__ASSIGNMENT__.
Your copy should contain exactly the lines from the one that holds "Dubarry_ Portumna Long-sleeved" through the end of the material, reproduced as written, with no pictures.

__DATASET CONTENT__.

Start of Block

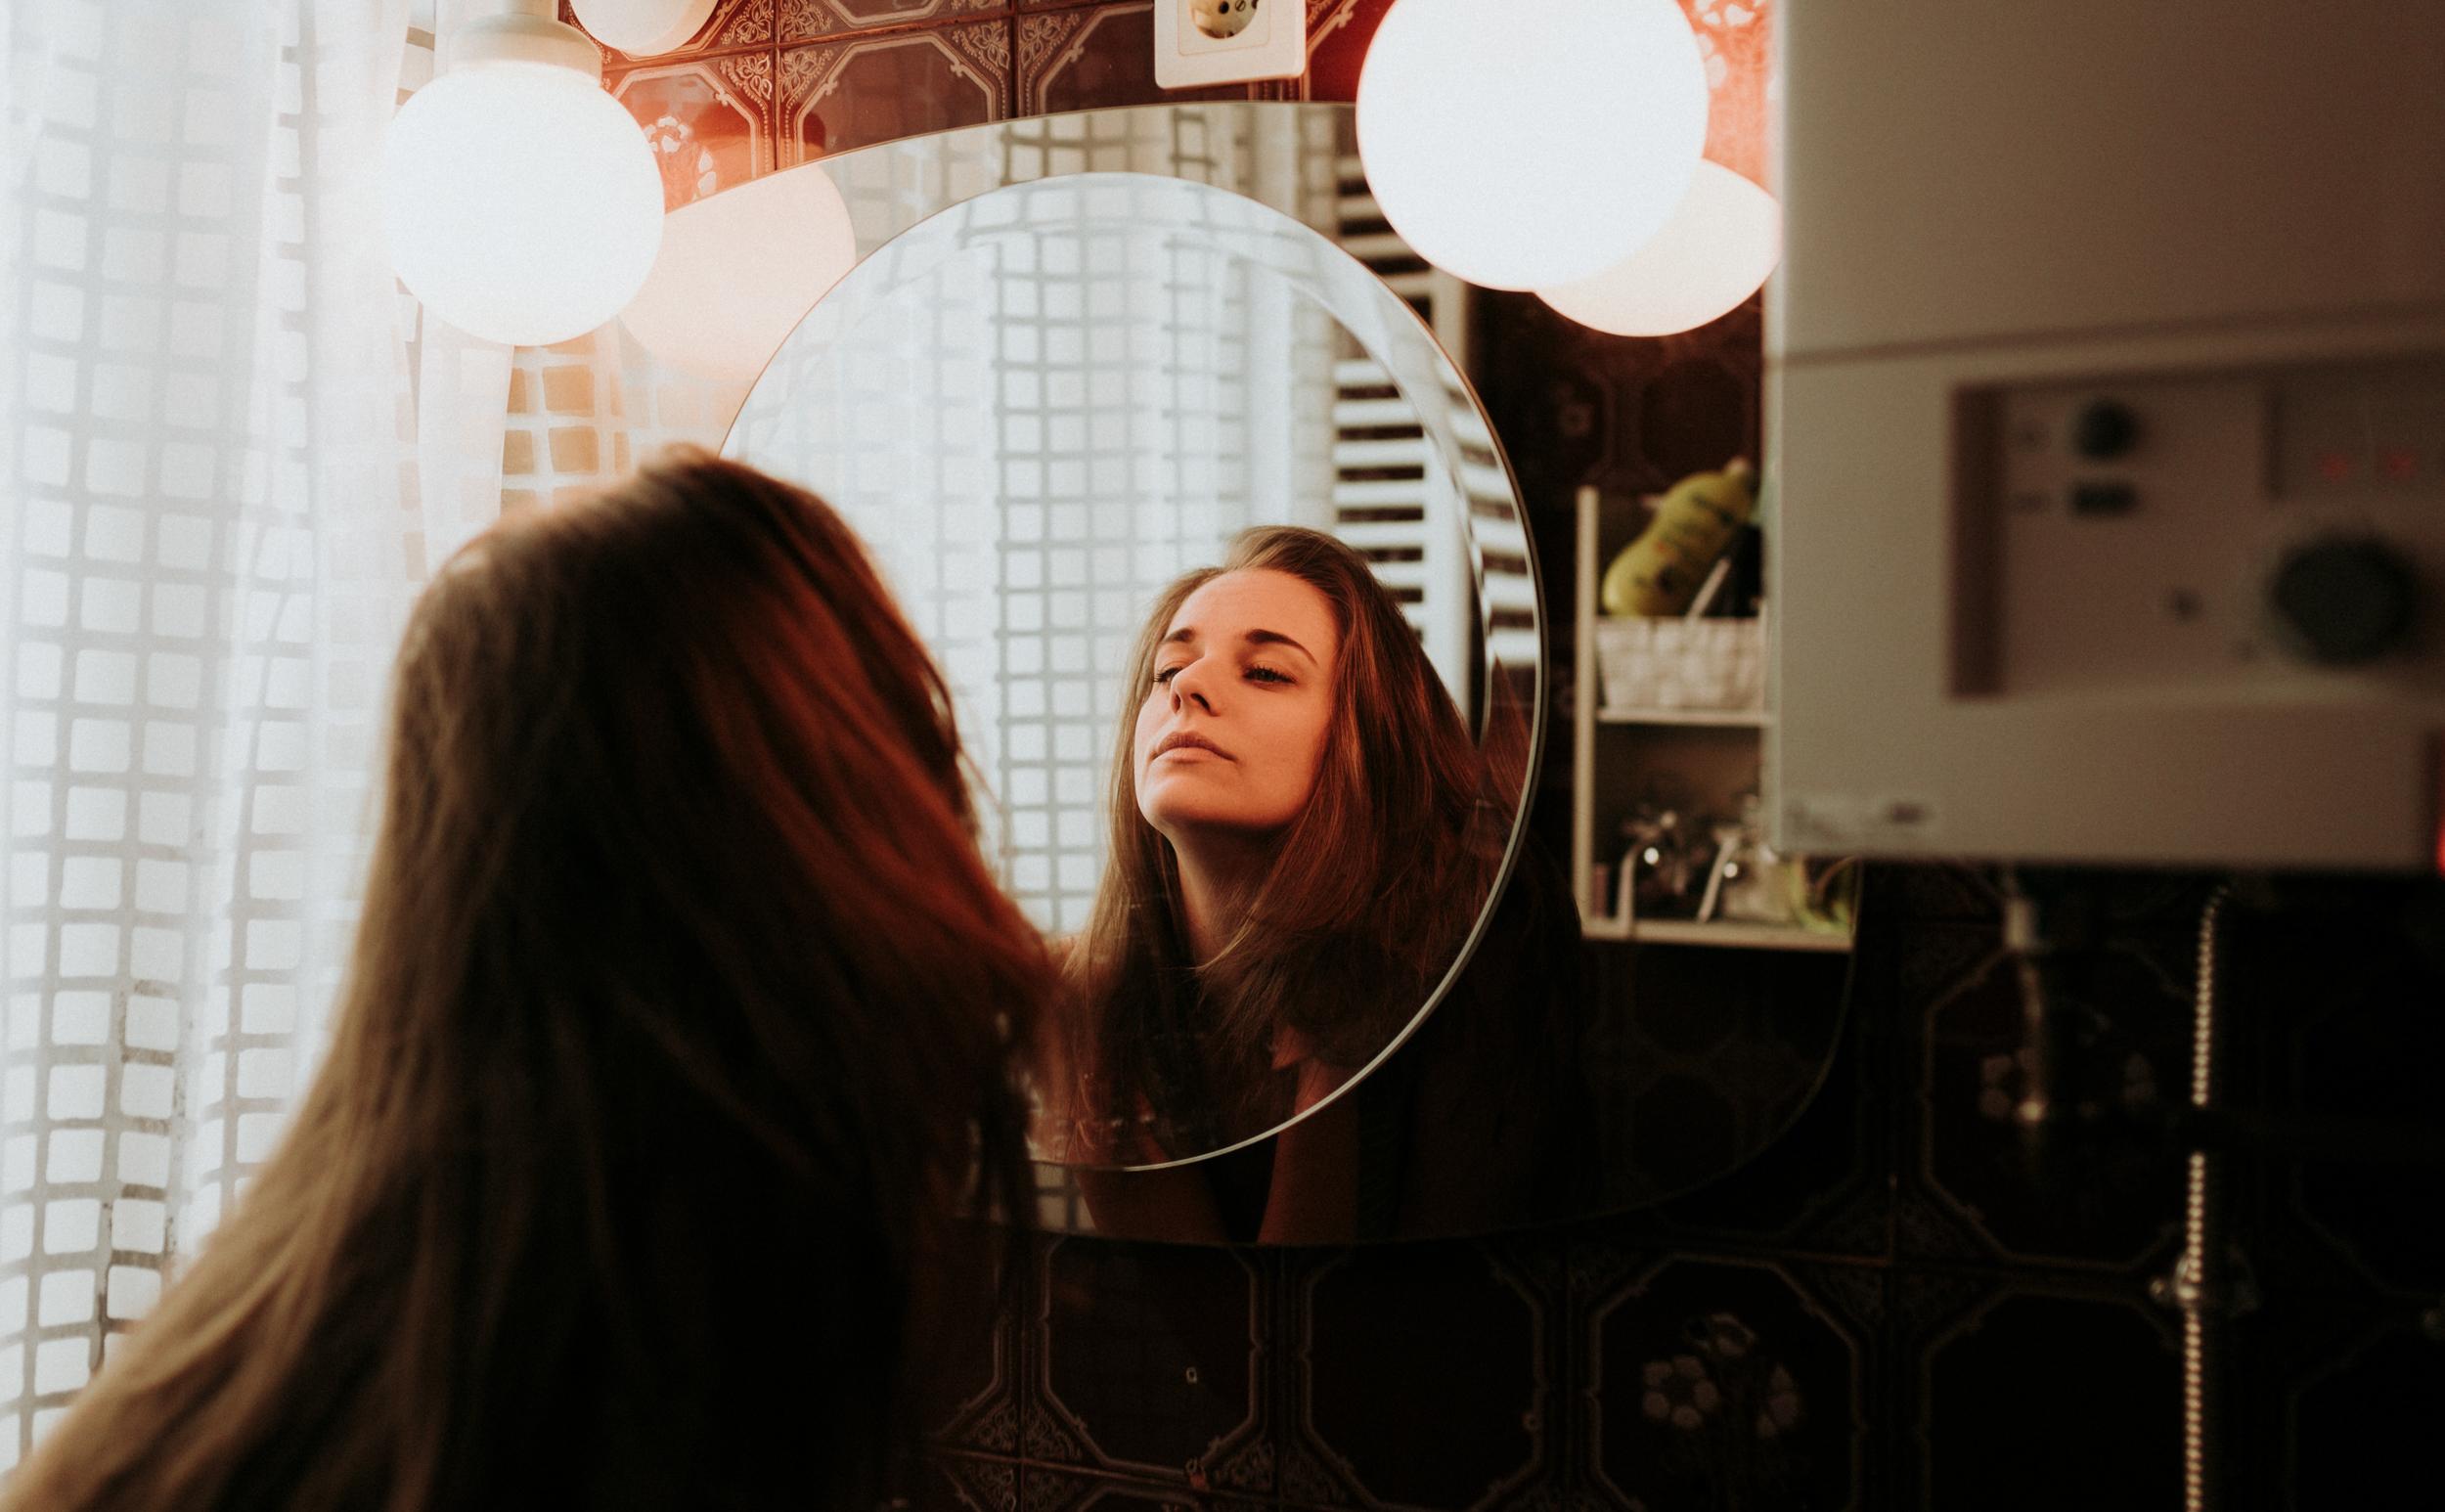 Molly otthoni lifestyle portré fotó. A fürdőszoba.
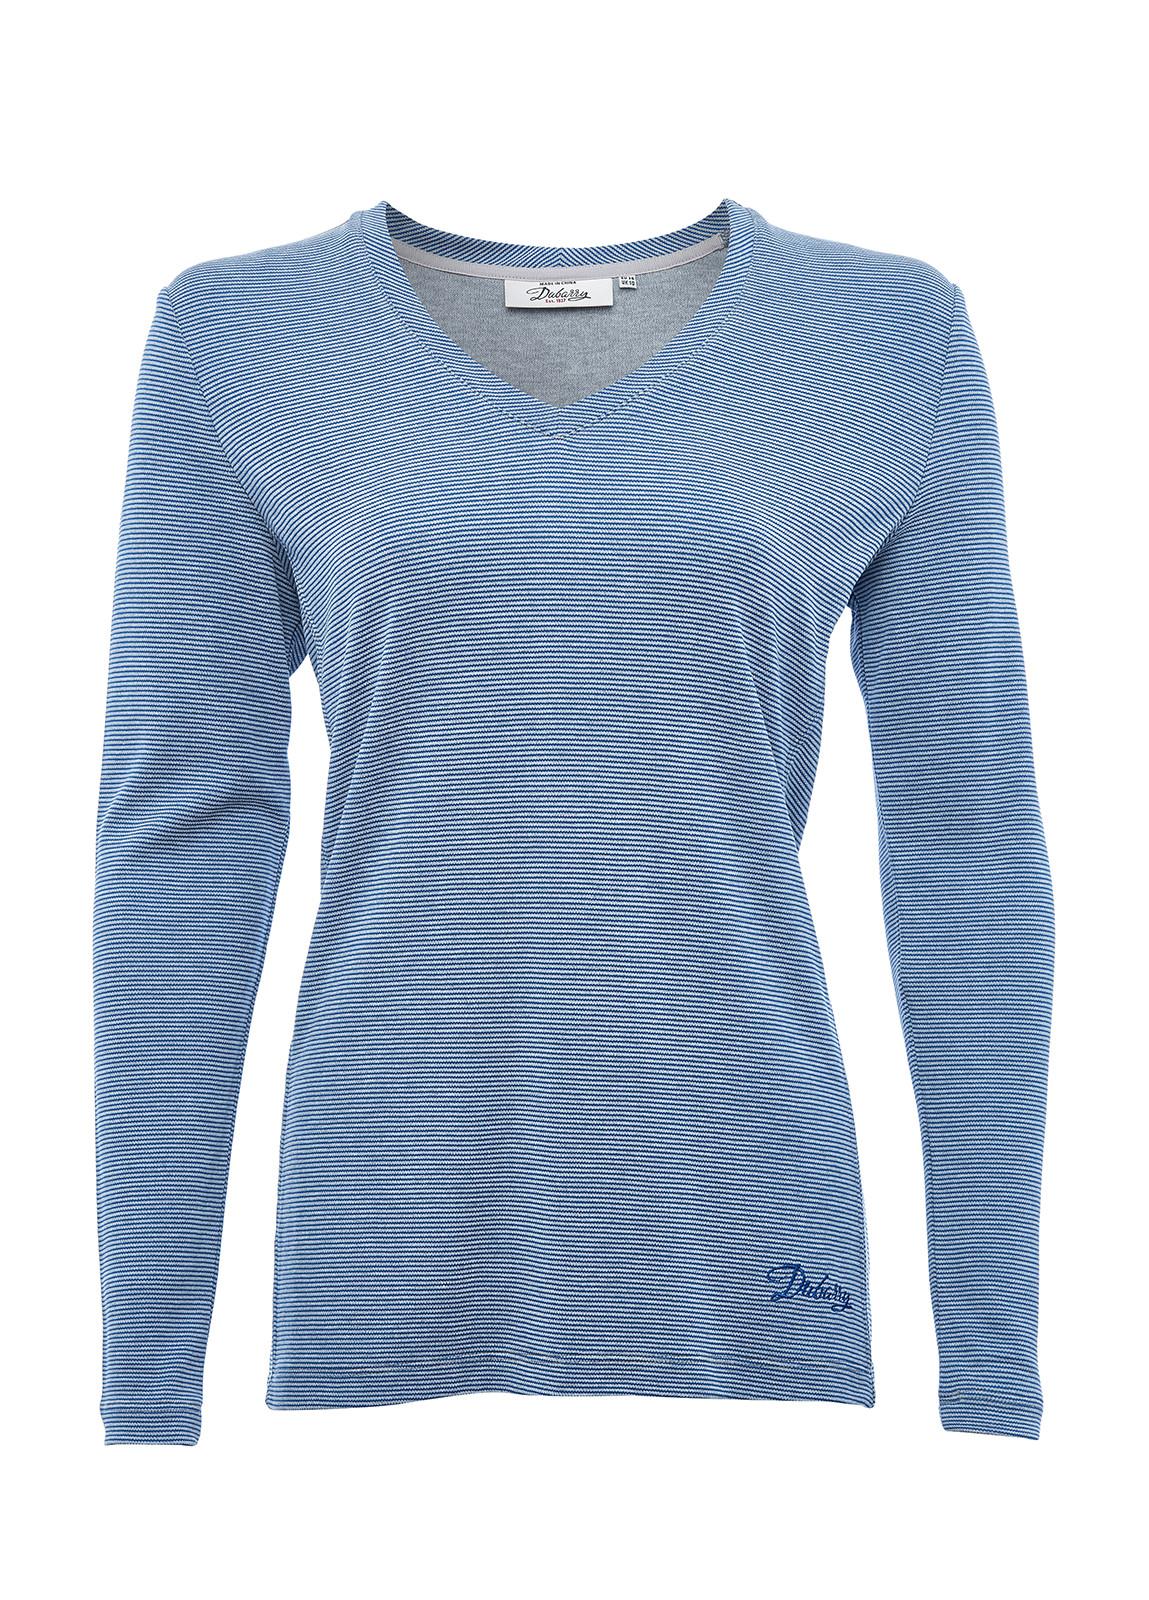 Dubarry_ Portumna Long-sleeved Top - Denim_Image_2
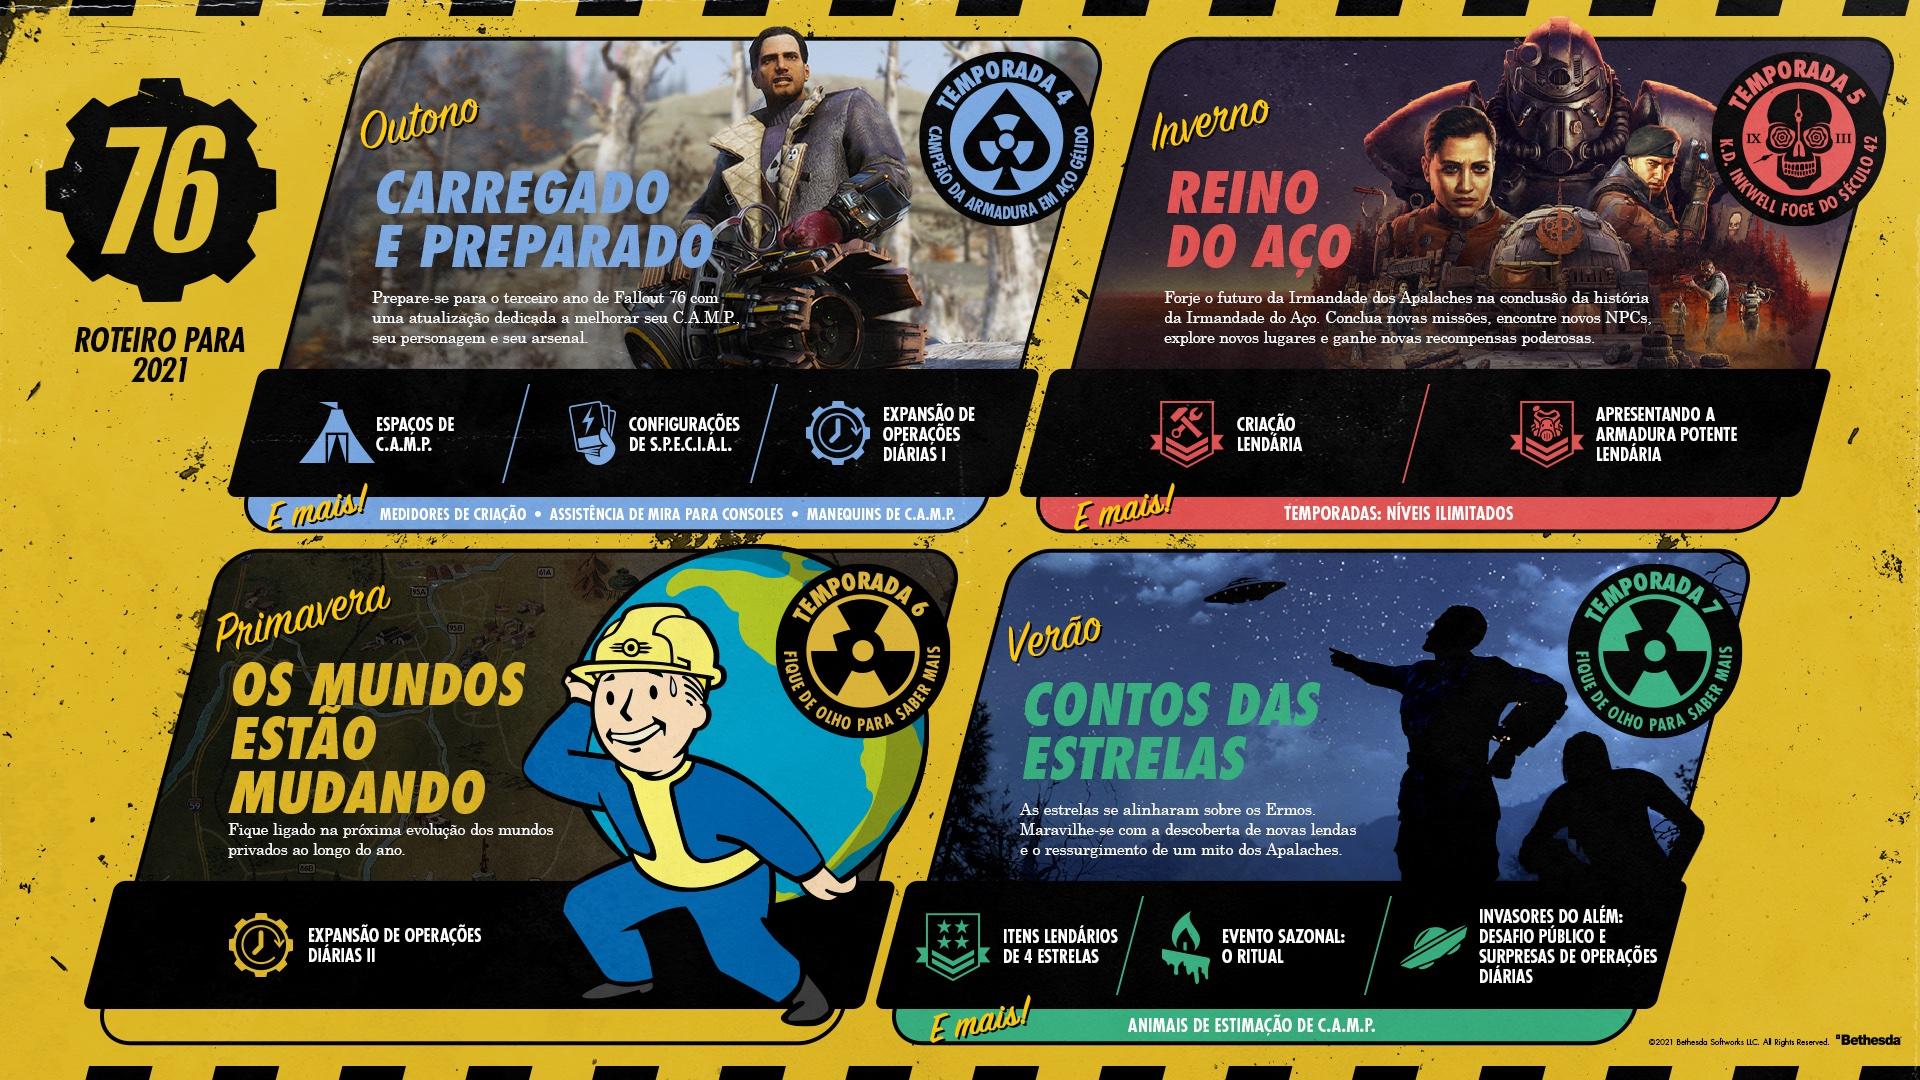 Fallout76 2021 Roadmap Full PTBR

End of Block

__TASK RESULT__.
 Dubarry_ Portumna Long-sleeved Top - Denim_Image_2
 Fallout76 2021 Roadmap Full PTBR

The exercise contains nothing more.